Waiting for Good News,
or Bad News
Jude Wanniski
August 6, 2002

 

After some false starts, we have identified the trigger for Wednesday`s market rally that continues into today. It was not easy because we did not learn until this morning that President Bush was reported saying at 2:27 pm that "I will be patient and consult with US Congress and allies before making a final decision on Iraq...." And that "I will explore all options and all tools at my disposal: diplomacy, international pressure, perhaps the military. But it`s important for my fellow citizens to know that as we see threats evolving we will deal with them. We must deal with them." The Financial Times and Xinhua (China) news agencies carried the remarks, which were spoken at roughly the same time Vice President Cheney was saber-rattling in his Commonwealth Club speech in San Francisco... saying that it will not be enough for Saddam to merely allow the return of weapons inspectors.

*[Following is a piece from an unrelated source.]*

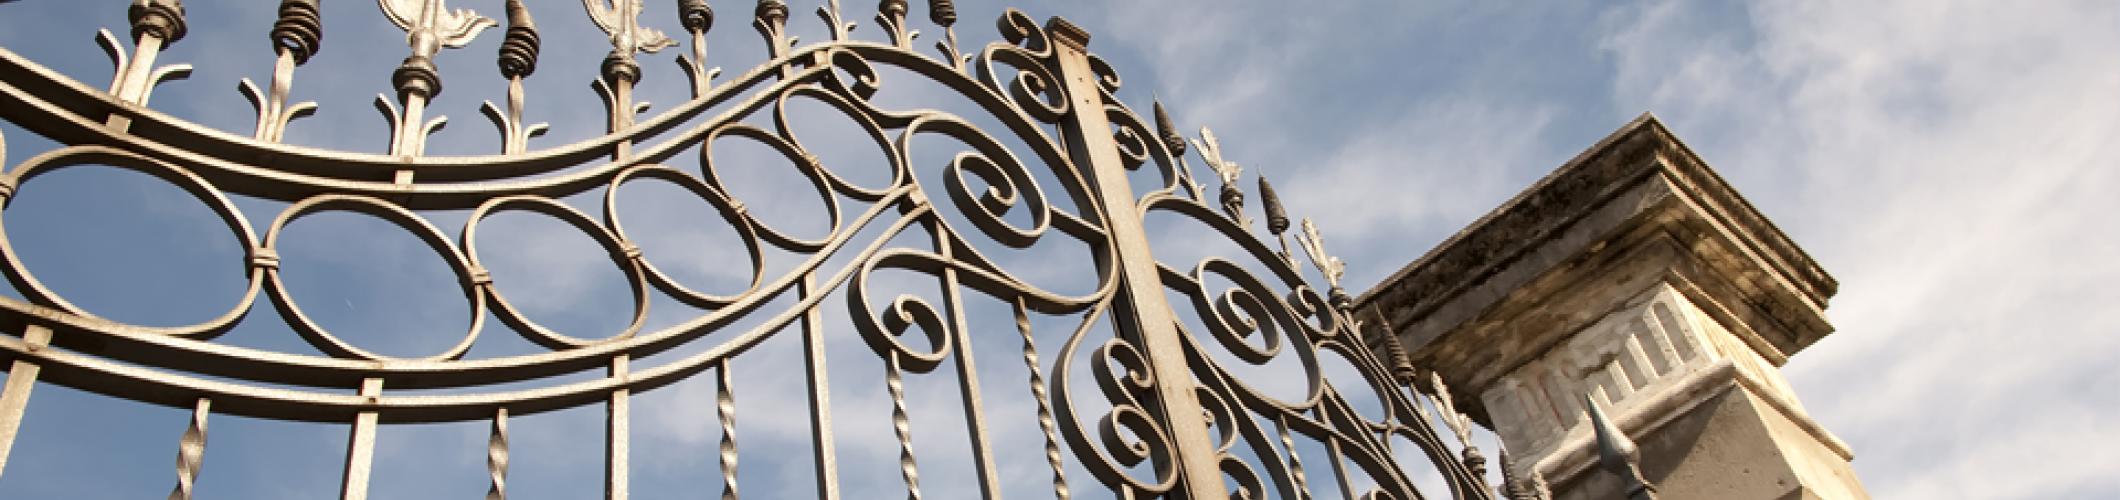 Metal Gates Header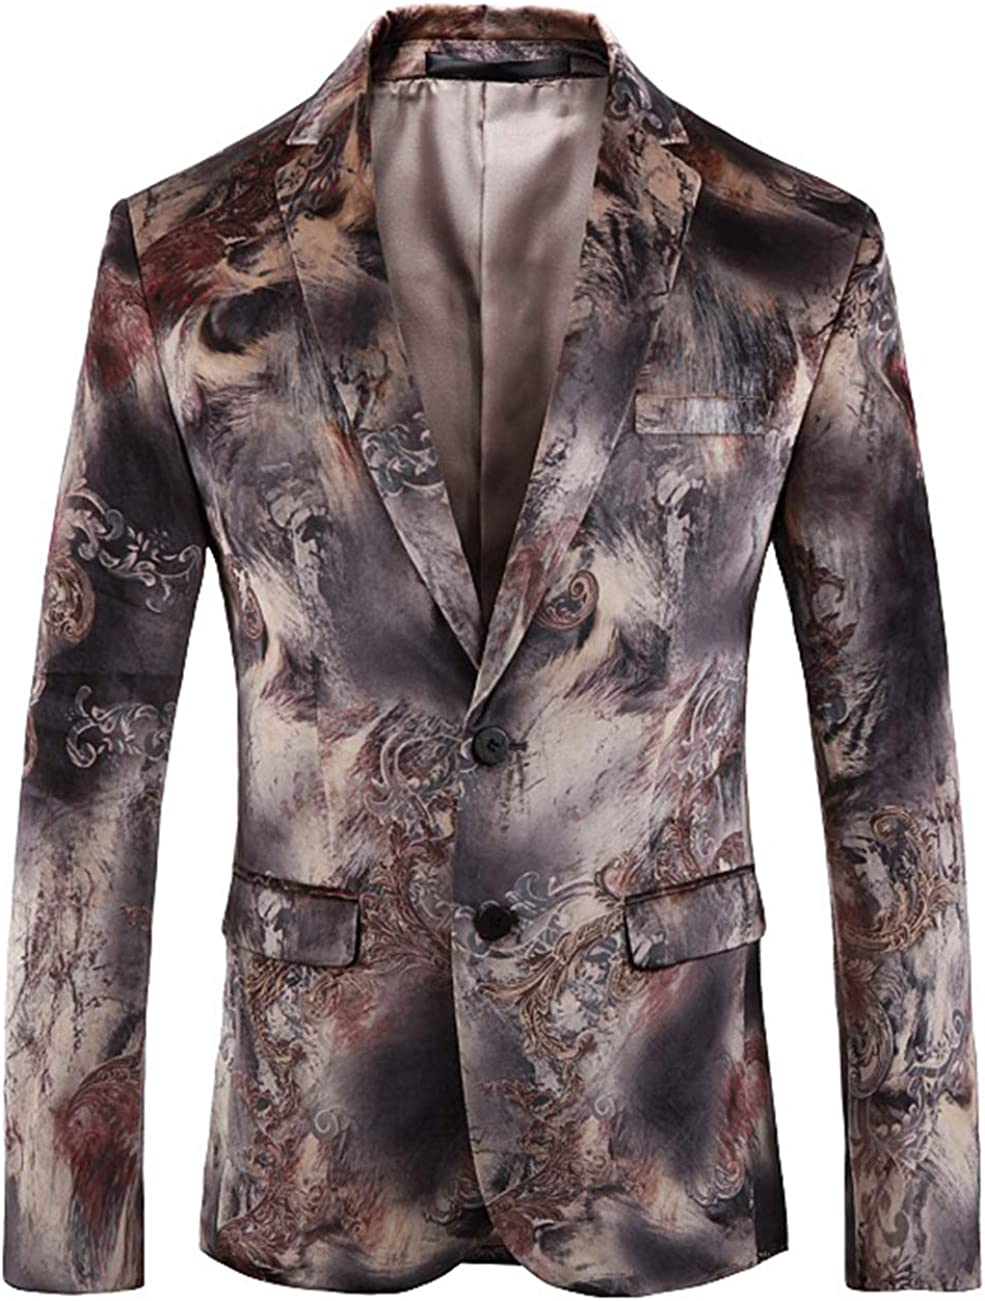 Men's Fashion Suit Jacket Printed Slim Fit Stylish Coat Blazer Jacket

Because of the blustering, from Washington and Baghdad, it is difficult to sort out how this story is developing, but after discussions with the Iraqi United Nations mission and people in Washington who are sizing up the political and legal constraints, my best guess is that Hans Blix, the chief UN weapons inspector, will soon be on his way to Baghdad with no "pre-conditions," that he will spend 60 days determining if the sites destroyed in the past had been reconstituted and to clear up the other 5% of the issues that were still pending in 1998 when the Clinton administration decided to yank the UN inspectors out so it could begin its bombing campaign.

If we are to believe Scott Ritter, who was on the UNSCOMN inspection team that left in 1998, the new team will find nothing awry and report back to the U.N. Security Council to that effect. For the U.S. to ignore the UN Security Council and start moving ground troops and bombers back to Iraq is almost impossible to imagine. Negotiations would then proceed on a regular inspections regime and a schedule for lifting the U.N. econonomic sanctions. The Bush White House would of course credit its hard line with having brought about this desirable "diplomatic result." Let us hope so.